MemberJunction: AI Vectors Module

0High
0Medium
0Low

@memberjunction/ai-vectors

Core foundation package for vector operations in MemberJunction. Provides text processing utilities (chunking, extraction), base classes for vectorization pipelines, and interfaces for embedding providers and vector databases.

Installation

npm install @memberjunction/ai-vectors

What's Included

| Export | Type | Purpose | |---|---|---| | TextChunker | Class | Token-aware text splitting with sentence, paragraph, and fixed strategies | | TextExtractor | Class | HTML stripping, entity decoding, MIME-type routing, token truncation | | VectorBase | Class | Base class providing RunView, Metadata, AIEngine integration for subclasses | | IEmbedding | Interface | Contract for single and batch text embedding generation | | IVectorDatabase | Interface | Contract for vector database management (create/delete/list indexes) | | IVectorIndex | Interface | Contract for CRUD operations on vector records within an index | | ChunkTextParams | Type | Configuration for TextChunker.ChunkText() | | TextChunk | Type | Output chunk with text, offsets, token count, and index | | PageRecordsParams | Type | Paginated entity record retrieval configuration. Supports both OFFSET-based pagination (PageNumber) and keyset/seek pagination (AfterKey) — see KEYSET_PAGINATION_GUIDE.md. |

Architecture

graph TD
    subgraph Core["@memberjunction/ai-vectors"]
        TC["TextChunker"]
        TE["TextExtractor"]
        VB["VectorBase"]
        IE["IEmbedding"]
        IVD["IVectorDatabase"]
        IVI["IVectorIndex"]
    end

    subgraph MJCore["MemberJunction Core"]
        MD["Metadata"]
        RV["RunView"]
        BE["BaseEntity"]
    end

    subgraph AIEngine["AI Engine"]
        AIM["AIEngine.Instance"]
        MOD["Embedding Models"]
        VDB["Vector Databases"]
    end

    subgraph Consumers["Consumer Packages"]
        SYNC["ai-vector-sync"]
        DUPE["ai-vector-dupe"]
    end

    VB --> MD
    VB --> RV
    VB --> BE
    VB --> AIM
    AIM --> MOD
    AIM --> VDB
    SYNC --> VB
    SYNC --> TC
    SYNC --> TE
    DUPE --> VB

    style Core fill:#2d6a9f,stroke:#1a4971,color:#fff
    style MJCore fill:#2d8659,stroke:#1a5c3a,color:#fff
    style AIEngine fill:#b8762f,stroke:#8a5722,color:#fff
    style Consumers fill:#7c5295,stroke:#563a6b,color:#fff

TextChunker

Token-aware text splitting that respects natural language boundaries. All methods are static.

Strategies

| Strategy | Splits On | Best For | |---|---|---| | sentence | Sentence-ending punctuation (. ! ?) | Prose, articles, descriptions | | paragraph | Double newlines (\n\n) | Structured documents, Markdown, reports | | fixed | Whitespace boundaries at the character limit | Logs, code, unstructured data |

Basic Usage

import { TextChunker, ChunkTextParams, TextChunk } from '@memberjunction/ai-vectors';

const article = `Machine learning models require training data.
The quality of training data directly impacts model performance.
Data preprocessing is a critical step in any ML pipeline.

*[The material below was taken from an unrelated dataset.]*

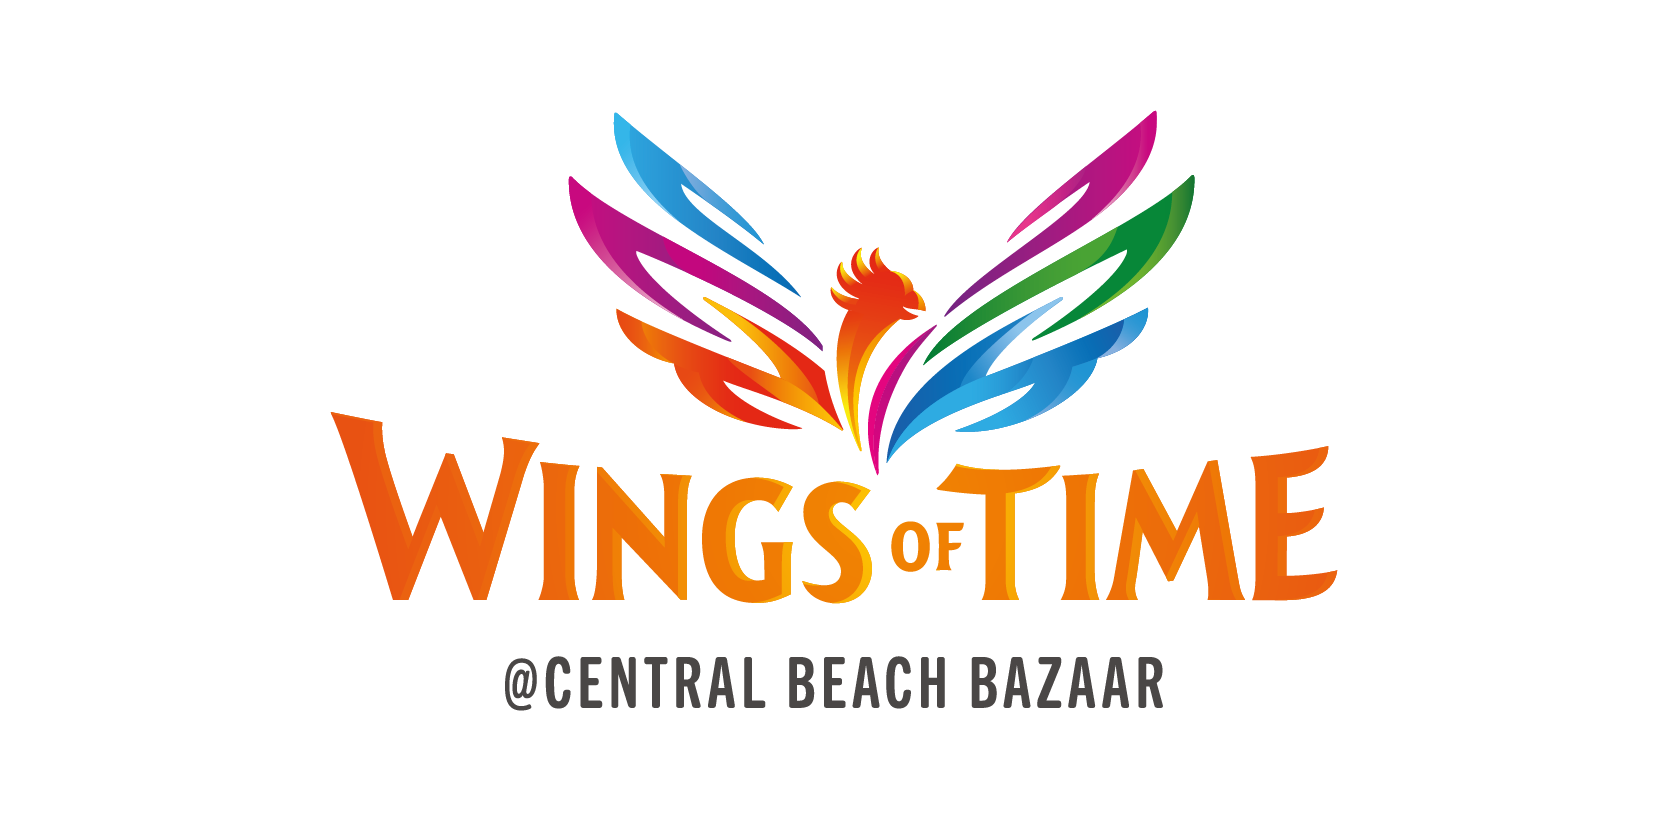 Logotipo de las alas del tiempo
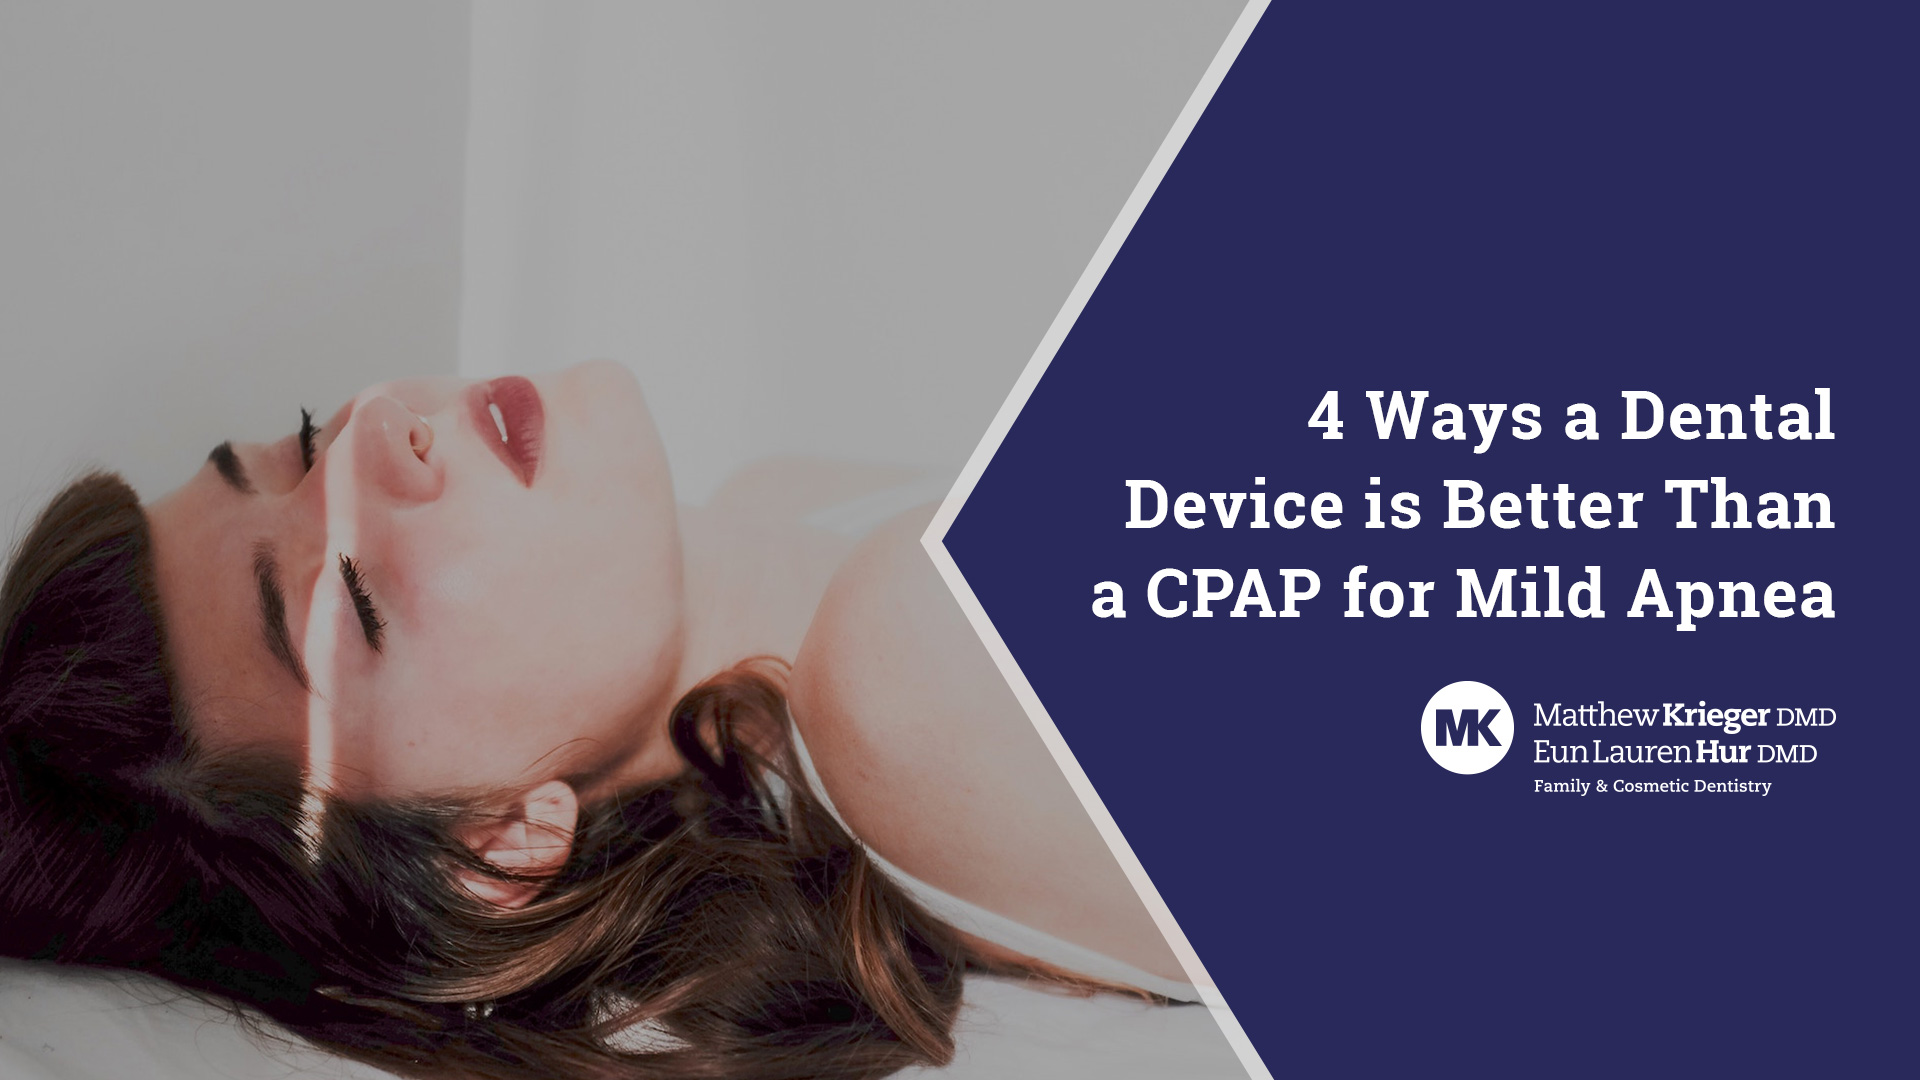 4 Ways a Dental is Better Than a CPAP for Mild Apnea - Matthew Krieger DMD

Feature engineering transforms raw data into meaningful representations.
Good features can dramatically improve model accuracy.`;

// Sentence strategy (default)
const chunks: TextChunk[] = TextChunker.ChunkText({
    Text: article,
    MaxChunkTokens: 128,
    Strategy: 'sentence'
});

for (const chunk of chunks) {
    console.log(`Chunk ${chunk.Index}: ${chunk.TokenCount} tokens, offset ${chunk.StartOffset}-${chunk.EndOffset}`);
    console.log(chunk.Text);
}

Paragraph Strategy

const markdownDoc = `## Introduction

This document covers the architecture of our data pipeline.
It handles ingestion, transformation, and storage.

## Processing

Records are validated against schema constraints.
Invalid records are routed to a dead-letter queue.

## Storage

Processed data is stored in both relational and vector databases.
Vector embeddings enable semantic search across all records.`;

const chunks = TextChunker.ChunkText({
    Text: markdownDoc,
    MaxChunkTokens: 256,
    Strategy: 'paragraph'
});
// Each paragraph becomes a chunk (or paragraphs merge if they fit together)

Fixed Strategy

const logData = `2024-01-15T10:00:00Z INFO Server started on port 4000
2024-01-15T10:00:01Z INFO Connected to database
2024-01-15T10:00:02Z WARN High memory usage detected: 85%
2024-01-15T10:00:03Z ERROR Connection timeout after 30000ms`;

const chunks = TextChunker.ChunkText({
    Text: logData,
    MaxChunkTokens: 64,
    Strategy: 'fixed'
});

Configuring Overlap

Overlap repeats trailing content from the previous chunk at the start of the next chunk, preserving context across chunk boundaries. Defaults to 10% of MaxChunkTokens.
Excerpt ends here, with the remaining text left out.